Generally I feel that the most inspirational music for me, be it post punk or free jazz or dance music or whatever, comes out of scenes early on before a style becomes too codified.
I tend to stick to a 4-piece drum kit with hi-hats and a couple of cymbals because it’s what I’m comfortable with, and my limited range of synths is more down to lack of space than anything else. But I’m definitely up for bringing in more instruments as and when. Sometimes it’s just circumstances, for example ‘Corndolly Crosshatch’ has got various hand drums on it simply because someone left them in the studio and they just sounded so nice I wanted to use them for something! The music on ‘Urchin Stomp’ from ‘Sado Technical Exercise’ came about when Lisa found an iron candelabra in the street that had a really cool percussive sound, so we built a piece around that.

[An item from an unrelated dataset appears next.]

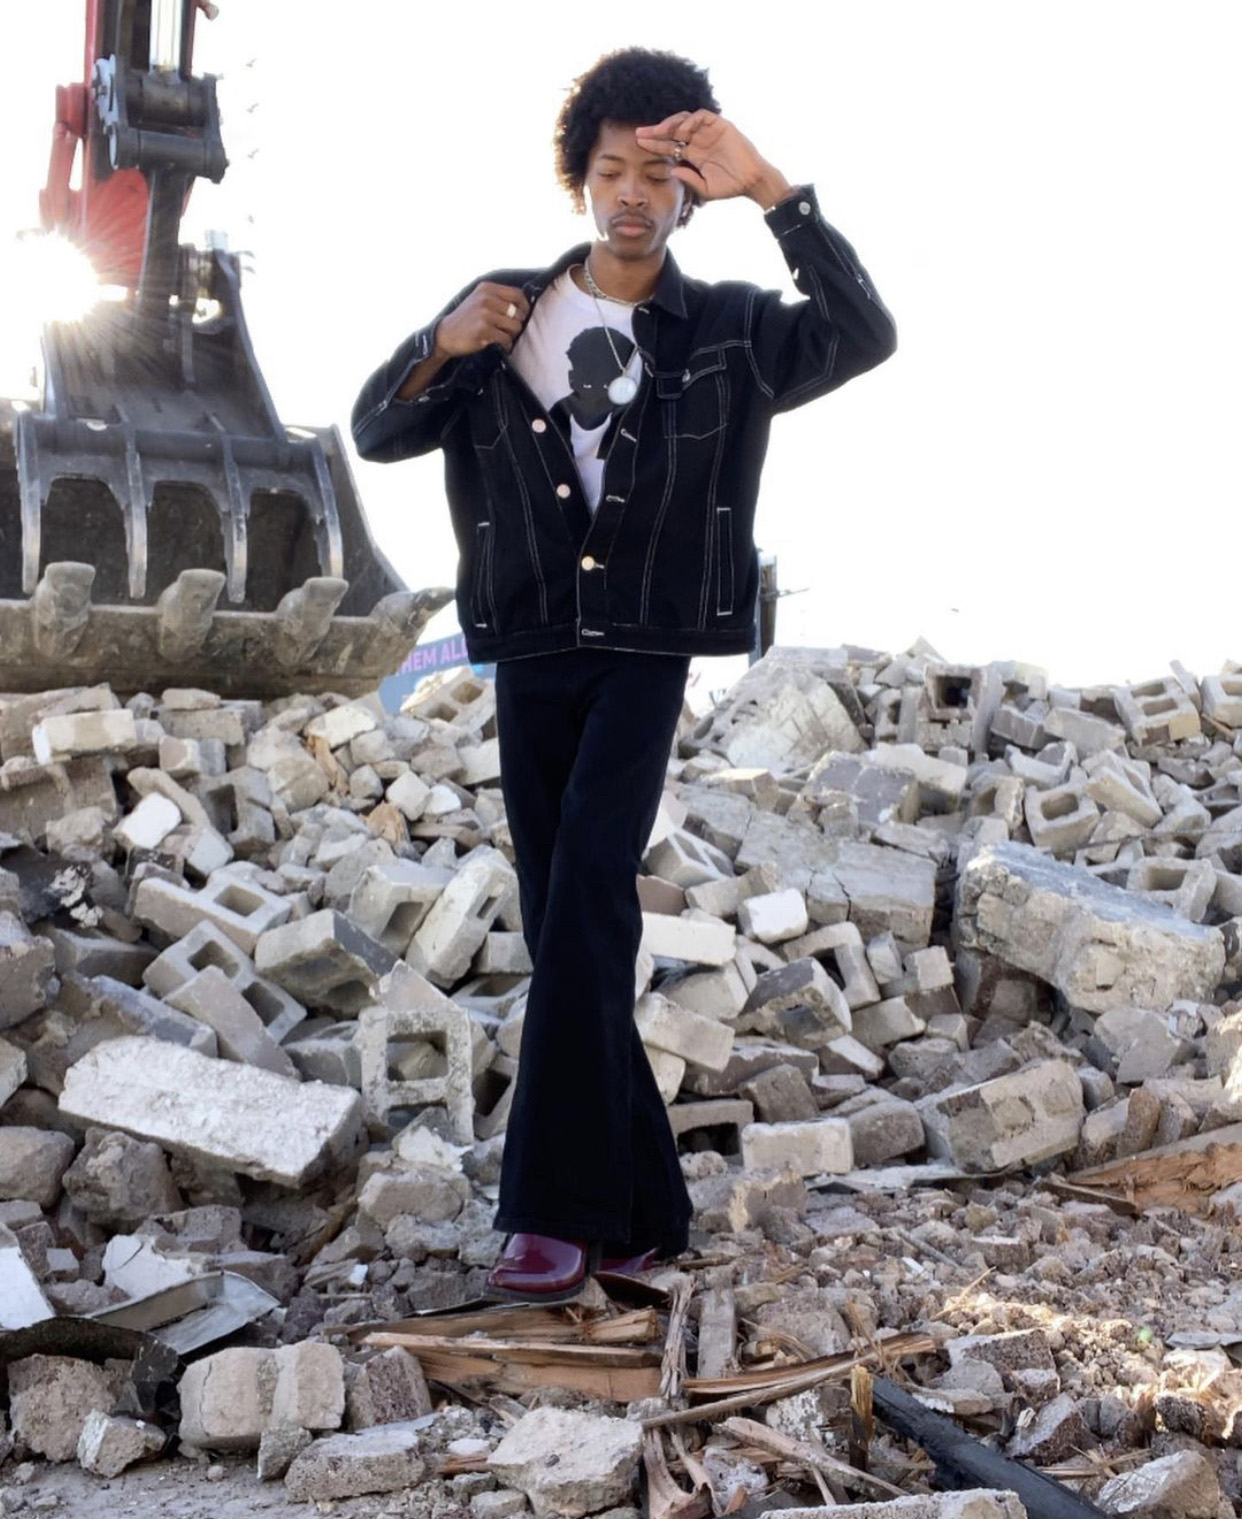 a slim man stands in front of a piece of large machinery on a pile of cinder blocks wearing a black denim jacket over a white t-shirt, black flared pants and burgundy boots

LH: I noticed you use guests on select songs across your releases. Since between the two of you, you cover all the basics, how does it get decided when a guest should be called in for a certain part? Do you hear something specific that you feel that particular tune is lacking?
AP: I think it’s just another way of varying things up rather than us getting stuck on how to complete a piece, it’s like one of us will have a brainwave of ‘oh, so and so would sound good on here!’, and if the other agrees we’ll give it a go.
LJ: Brighton has such a close-knit community of musicians, if we imagine a certain instrument in one of our tunes it's a lot easier to call in a mate who plays that instrument than try and replicate it digitally, or be clinical and use something from a sound library. I think a bit of cross pollination is healthy, and having another musician's energy and personality in the studio with us is good. We only ever ask people who've seen us live and know our recordings though. Dan Cox did a great job when I asked him to "sing the ancient earth" for 'Mandrake Sutra'. There's quite a backstory to MAP 71, it's important that our guests 'get' it.
LH: Jayne I appreciate the fact that you still work in a hands on and hand made art form. This seems rare today. I also want to thank you both for being willing to talk about your music and methods, and spending time with me to allow more of the world to know insights about yourselves, and especially MAP 71.